Seminar on learning theory (106372)

Notes can be found here.

The focus of this seminar is combinatorial questions motivated by learning and teaching theories. A list of topics we aim to study: PAC learning, VC dimension, sign rank, sample compression schemes, teaching sets and recursive teaching dimension, population recovery and PID graphs, and more.

The aim is for the meetings to be interactive and full of discussions. The presentations will be mostly done by participants of the seminar (I will provide some introduction).

The meetings will be summarized by the participant: Use LaTex and send me a draft (both .tex and .pdf files) before your presentation. Please use the following files: .pdf and .tex. When preparing the talk, find a couple of exercises and add them to your notes.

Guidlines for presentations:

Start with a (long) introduction: What is the background for the work? What are the main questions? Why are they interesting? Provide formal definitions of the model. State main theorems.
Explain the high level structure of the proof. What is the intuition behind it?
Explain the proof. Write formal lemmas that are helpful in proof. Explain how lemmas imply the theorem. Prove each lemma separately.
Summarize the talk. What is the main statement to remember? What is the moral of the story? What are the key steps? What problems do you suggest to investigate further?

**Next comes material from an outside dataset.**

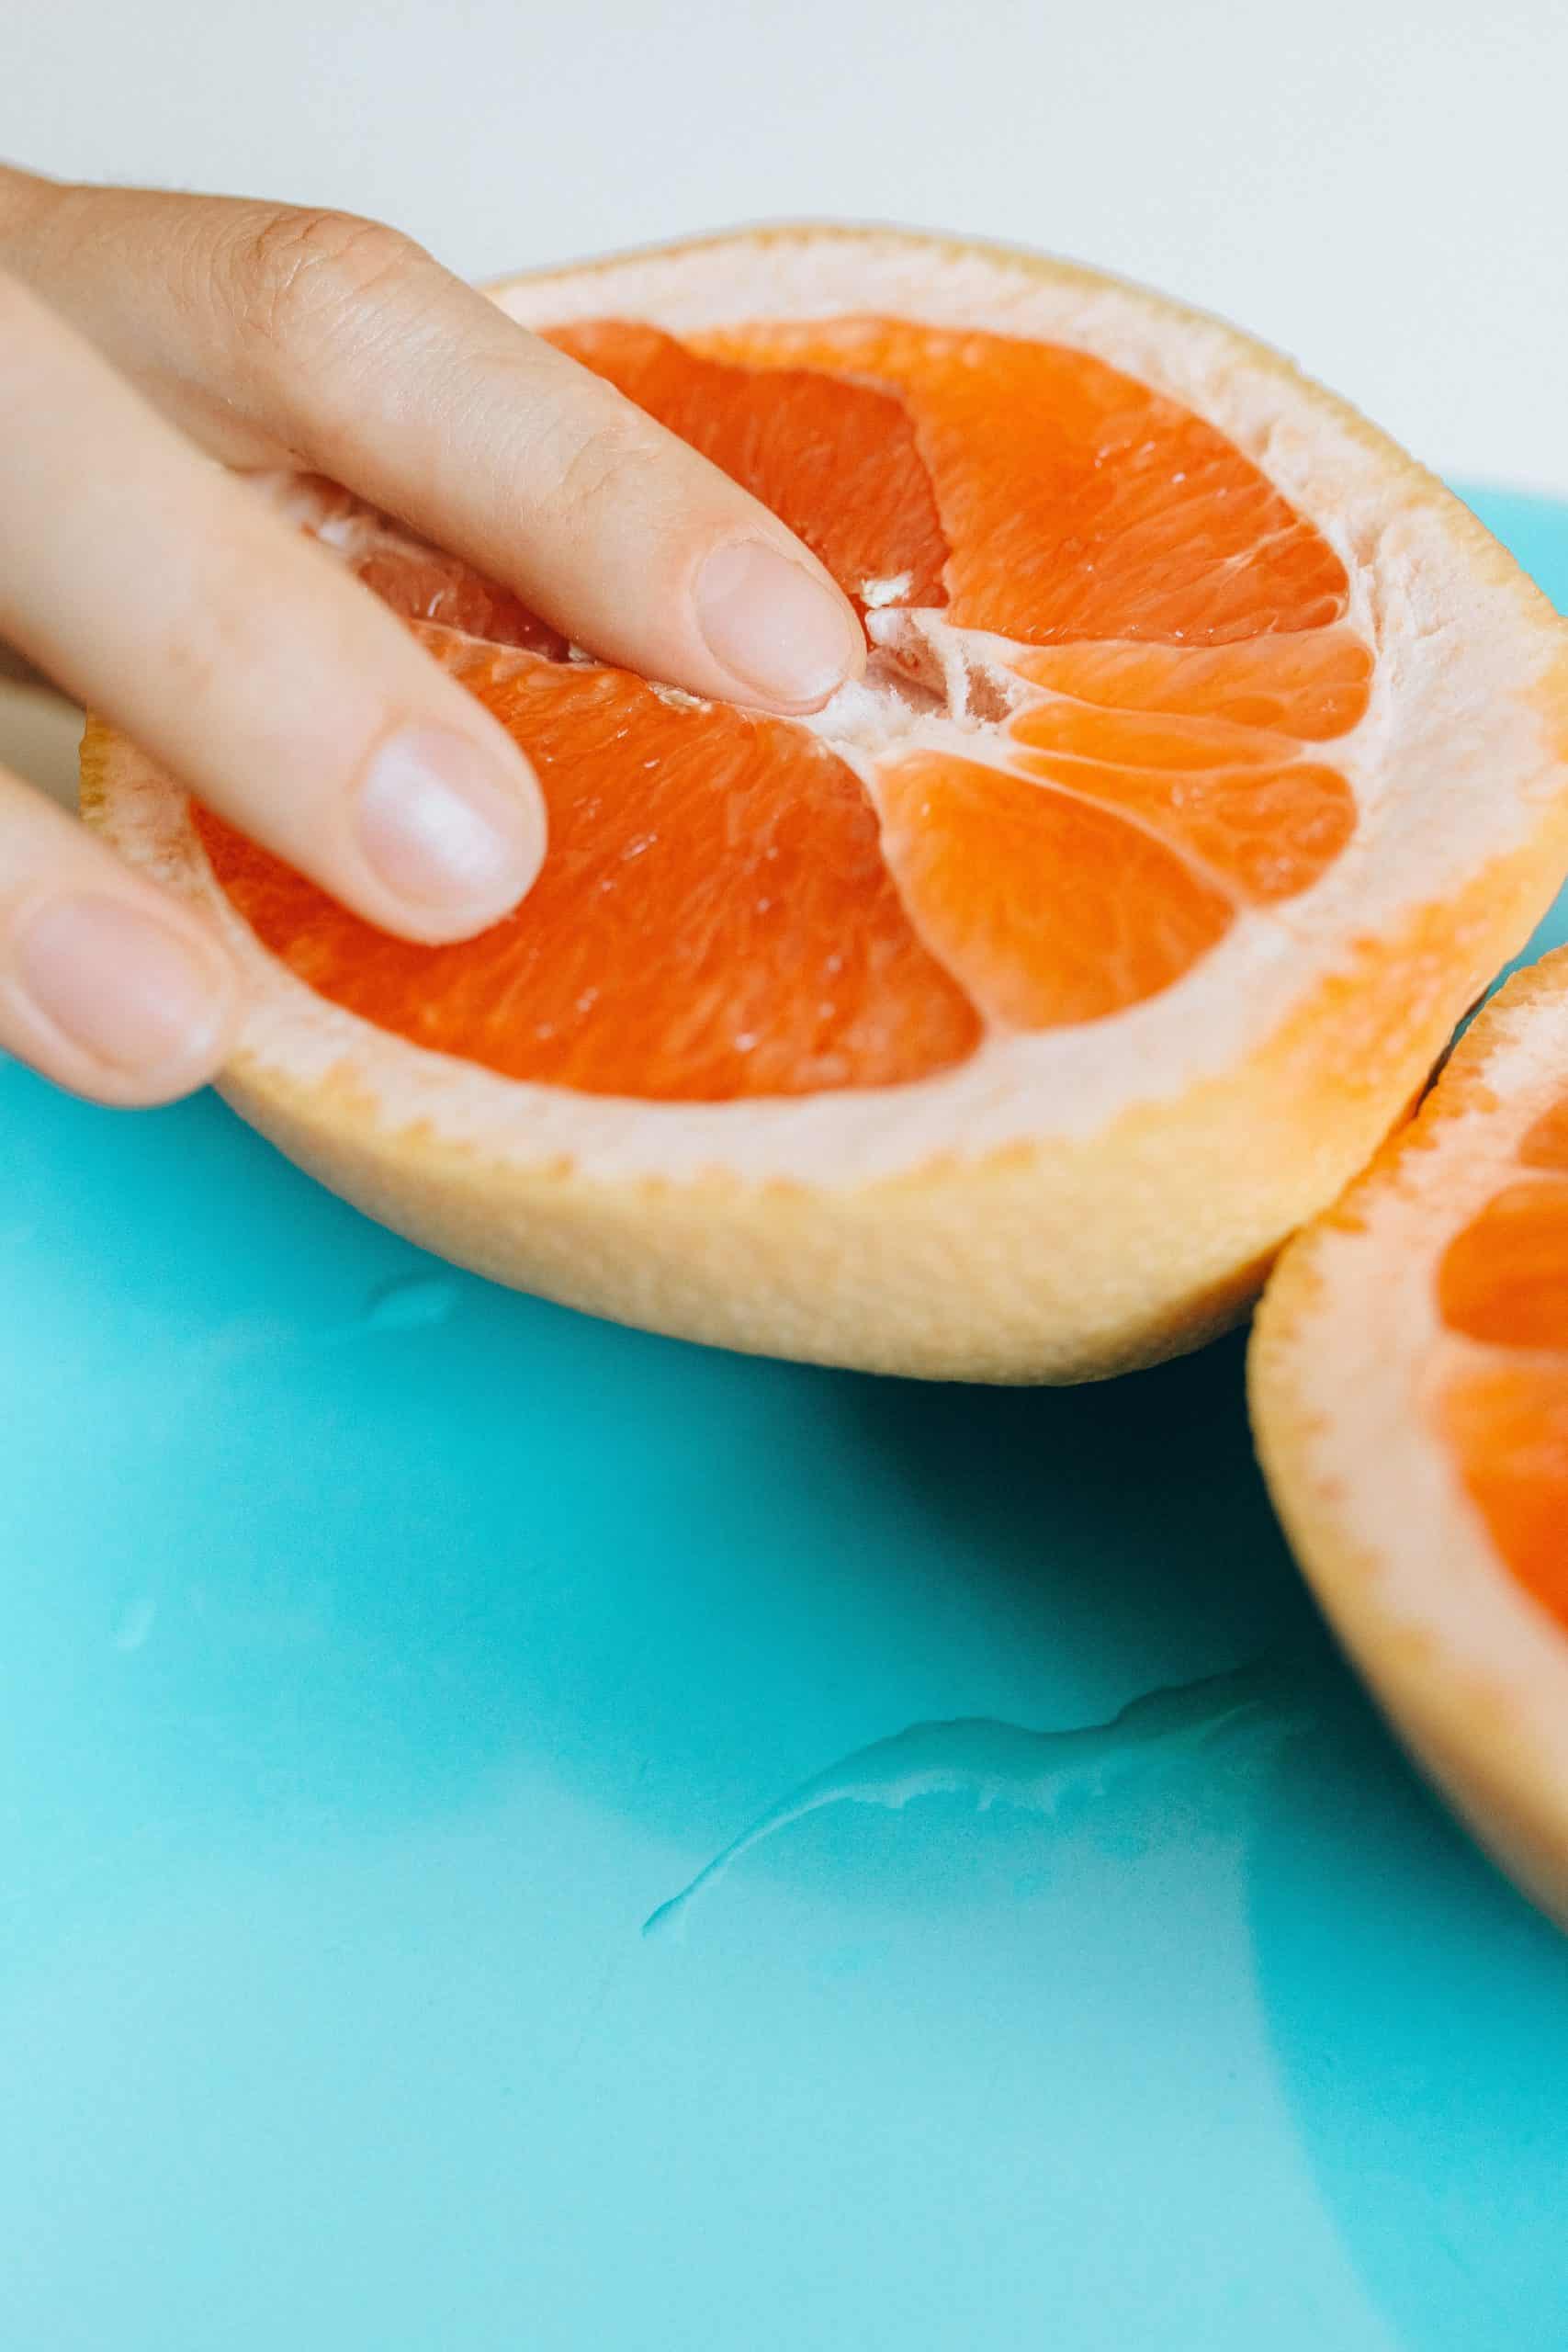 Finger in orange fruit as genital concept

A more detailed list of papers/topics:

L. G. Valiant. A theory of the learnable. Communications of the ACM, 1984.
VC dimension. Examples: intervals on line, rectangles in plane, convex bodies in plane.
(Shay) Sauer-Perles-Shelah lemma: two proofs (shifting and algebraic, see e.g. here). Upper bound on cover numbers using Sauer-Perles-Shelah [Dudley; see Theorem 1.3 in our paper].
(Anat & Yoni) Sample complexity in PAC learning (see appendix in our paper and references within).
(Vsevolod) Cover numbers. Haussler’s upper bound (see notes).
(Ahsan) Haussler’s paper on agnostic learning (Section 9.4 shows uniform convergence using cover numbers). Pollard’s paper on uniform convergence.
(Gadir) Boosting. Section 2 in Freund’s work.
(Vered) Sample compression schemes. Warmuth and Floyd’s paper; see also our paper. Example: intervals on line. Definition. Greedy construction of logarithmic size. Compression implies PAC learnability. Boosting yield a compression from size m to size d log(m).
(Ori) Sign rank. Definition. Embedding using halfspaces. Sign rank is at least VC dimension.
Sample compression schemes [Section 3 in Ben-David and Litman].
Most matrices have high sign rank (see Section 5.2 in our paper and references within).
(Igor) Population recovery. Definition of noisy model (see here). Solution of DRP using PID graphs (same text). Connection to Fourier analysis (see here)
Teaching. Teaching models [Balbach, Doliwas et al., our paper,…]. Partial ID graphs [Section 2 here].